Signal Processing in the Encrypted Domain is a novel discipline focused on the development of technologies that allow for the enhancement of privacy in signal processing applications, through the execution of operations directly on encrypted signals, with no access to their clear-text versions. Examples of application of these technologies are secure biometric recognition systems based on encrypted patterns, or secure systems for detecting genetic diseases on the patient’s encrypted DNA
Thanks to the evolution of telecommunications, nowadays the information can flow through Internet instantaneously across the globe. This unquestionable technological leap has some drawbacks; in the last years, the coincidence of several key factors, such as the popularization of social networks and the creation of multiple web services that store and process personal data in environments out of the control of the data owner, has raised the issue of personal data privacy, and it has questioned the legality and morality of the use of such data by untrusted parties.
Although the legislation about personal data treatment differs from one state to another, the European directives that state the grounds in this area are relatively strict, requiring a high level of privacy protection for personal and sensitive data in virtually any context.
Within this social and legal framework, signal processing dealing with sensitive data, mainly biomedical and biometric signals, has been pushed towards an increase in its privacy requirements in order to deal with the posed new challenges; this represents the birth of Signal Processing in the Encrypted Domain (SPED) technologies.
The classical approach to protecting a sensitive or valuable signal is based solely on its encryption as soon as it is generated. Nevertheless, when that signal has to be processed, in the classical scenario it has to be decrypted first. Whenever this processing is performed within an untrusted environment (i.e., through a web service, a public Cloud…), signal privacy is violated.
SPED technologies, as a result of the joint efforts of the cryptographic community and signal processing community, establish encryption schemes and protocols for accessing the data that allow for the execution of operations directly on the encrypted signals, with no access to them in the clear. Hence, the application of SPED preserves users’ privacy even when their data are stored and processed in an untrusted environment.
Research in SPED has started recently; its theoretical grounds have been developed during the past few years, building upon cryptographic concepts like Secure Multiparty Computation or Secure Function Evaluation. However, SPED researchers have not left aside the practical approach given by the numerous applications of this technology, some of them being
- Protection of biometric data in access control systems.

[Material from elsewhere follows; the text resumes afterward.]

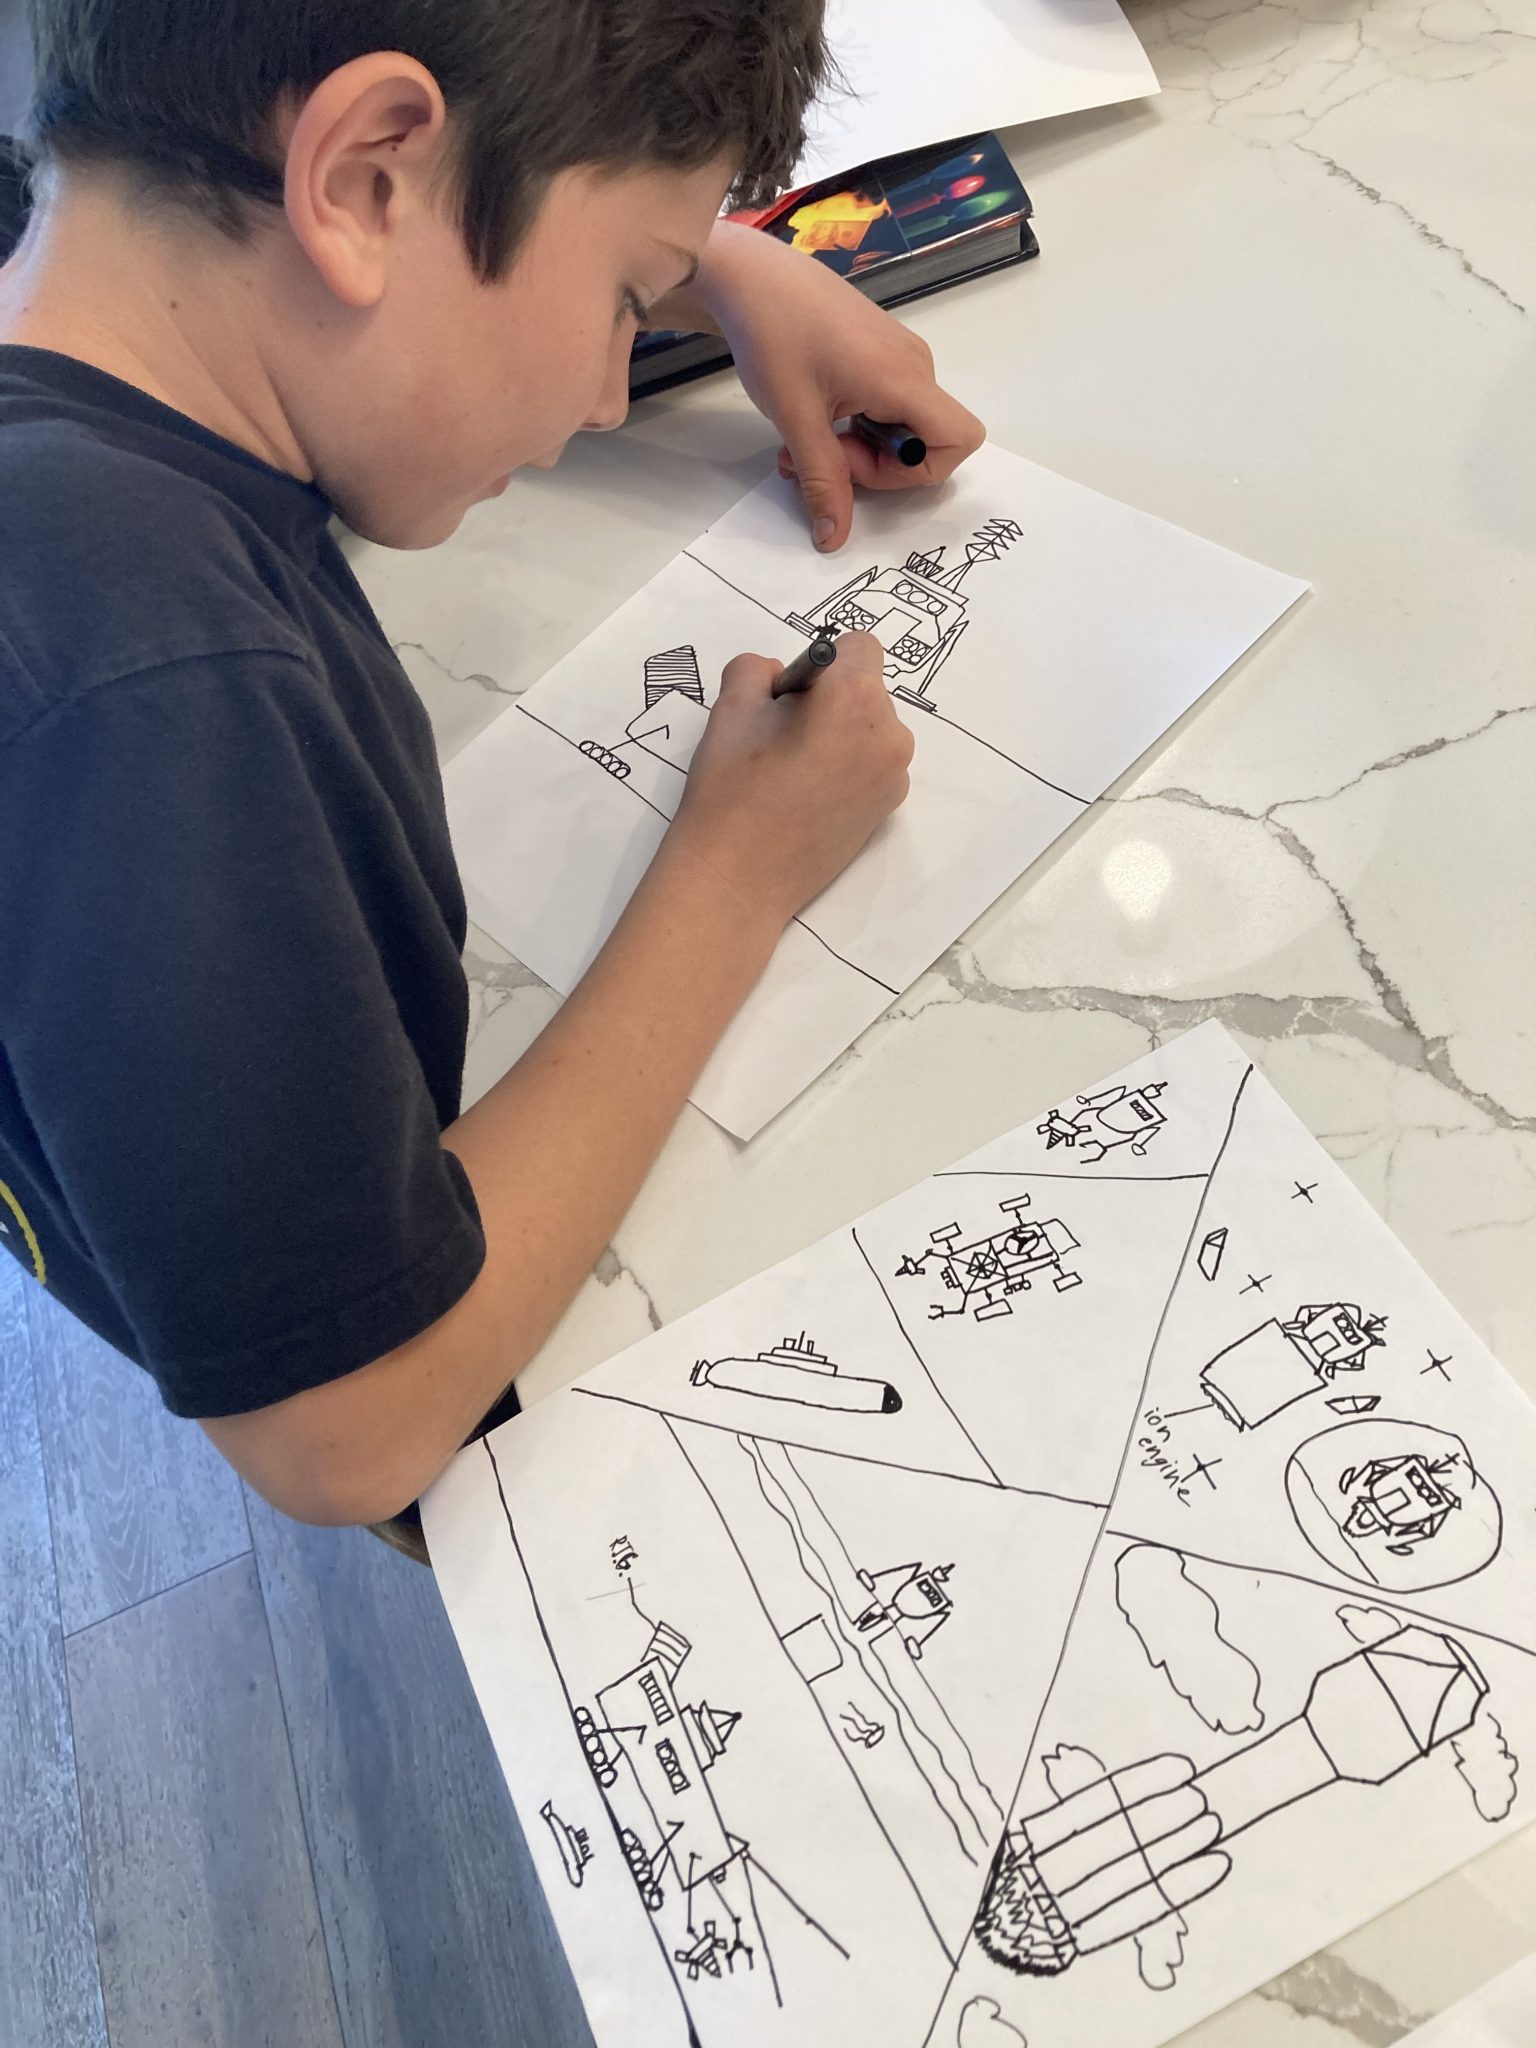 A young boy draws imagined spacecraft on paper.

- Privacy protection in videosurveillance systems.
- Data mining on private databases.
- Secure applications for telediagnosis/telemedicine.
- Traceability of copyright infringements through private insertion of watermarks.

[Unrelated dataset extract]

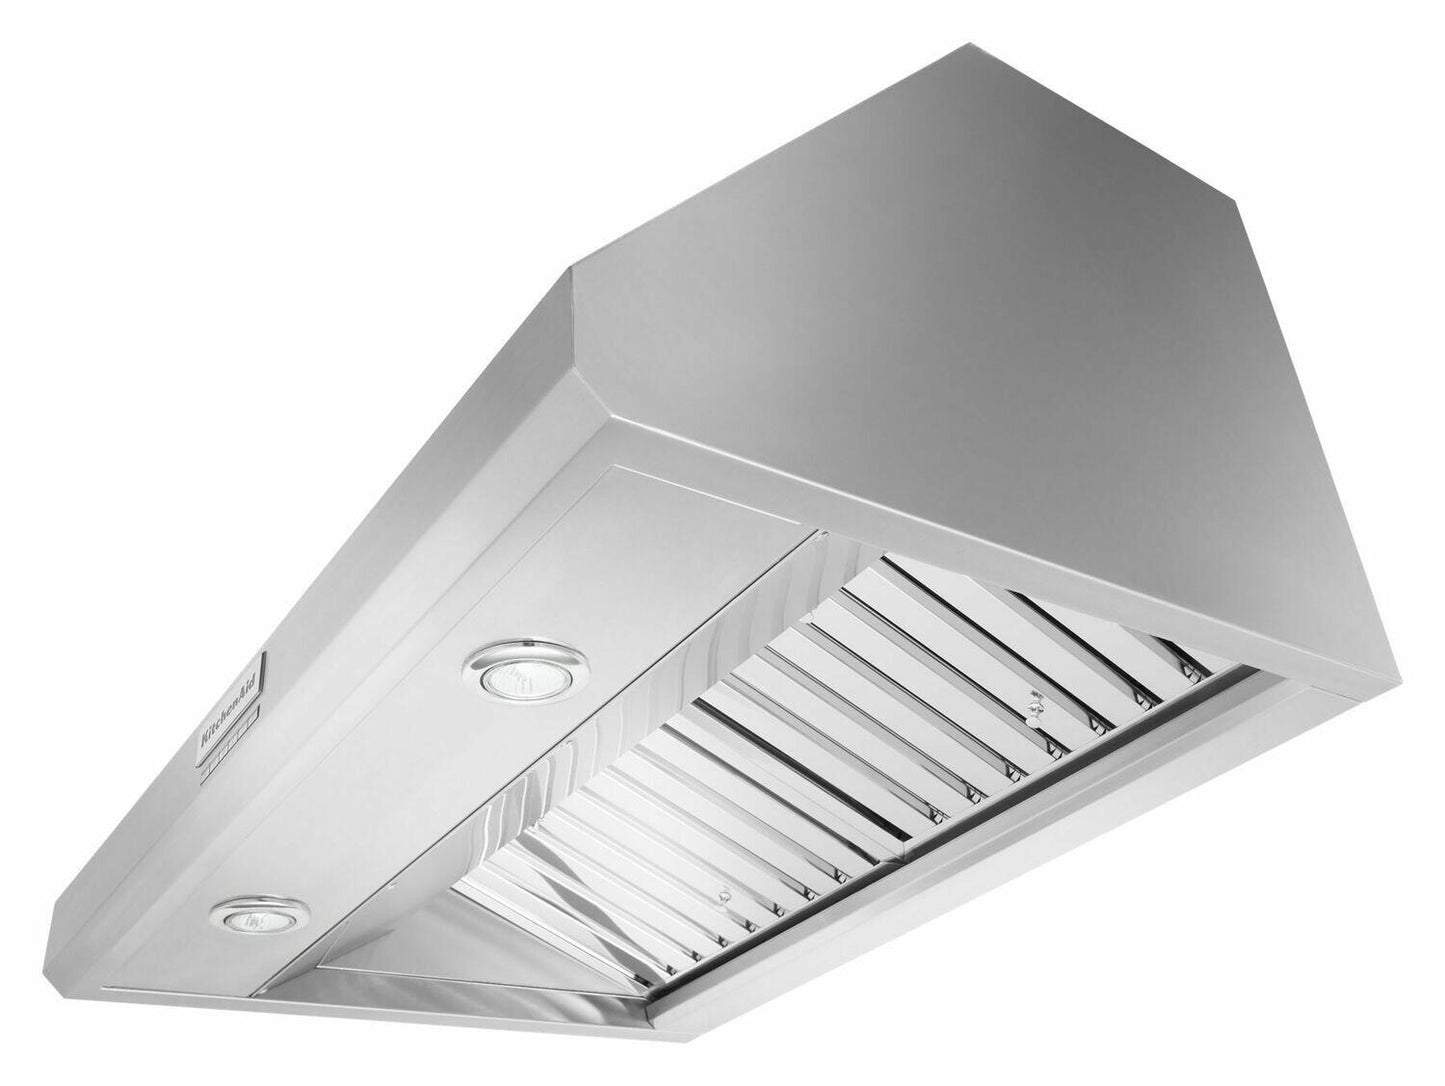 Kitchenaid KVWC906KSS 36" 585 Or 1170 Cfm Motor Class Commercial-Style Wall-Mount Canopy Range Hood - Stainless Steel

- Cheat prevention in online gaming and voting.
There is still work to do in R&D tasks for SPED to be extensively applied in all these fields, but the already obtained results are very promising: currently, there are facial recognition systems based on SPED that employ encrypted versions of users’ faces for the verification process; on the other hand, SPED application has also made possible the design of a secure system for the detection, resilient to sequencing errors, of genetic diseases within a patient’s encrypted DNA; Gradiant’s personnel have coworked in its design. Gradiant has proven expertise in the analysis and development of SPED techniques, captured in numerous articles and communications to international scientific journals and conferences, and in the participation in projects about secure signal processing in untrusted environments (e.g. Cloud). Gradiant has also filed several international patents in the area of secure signal processing.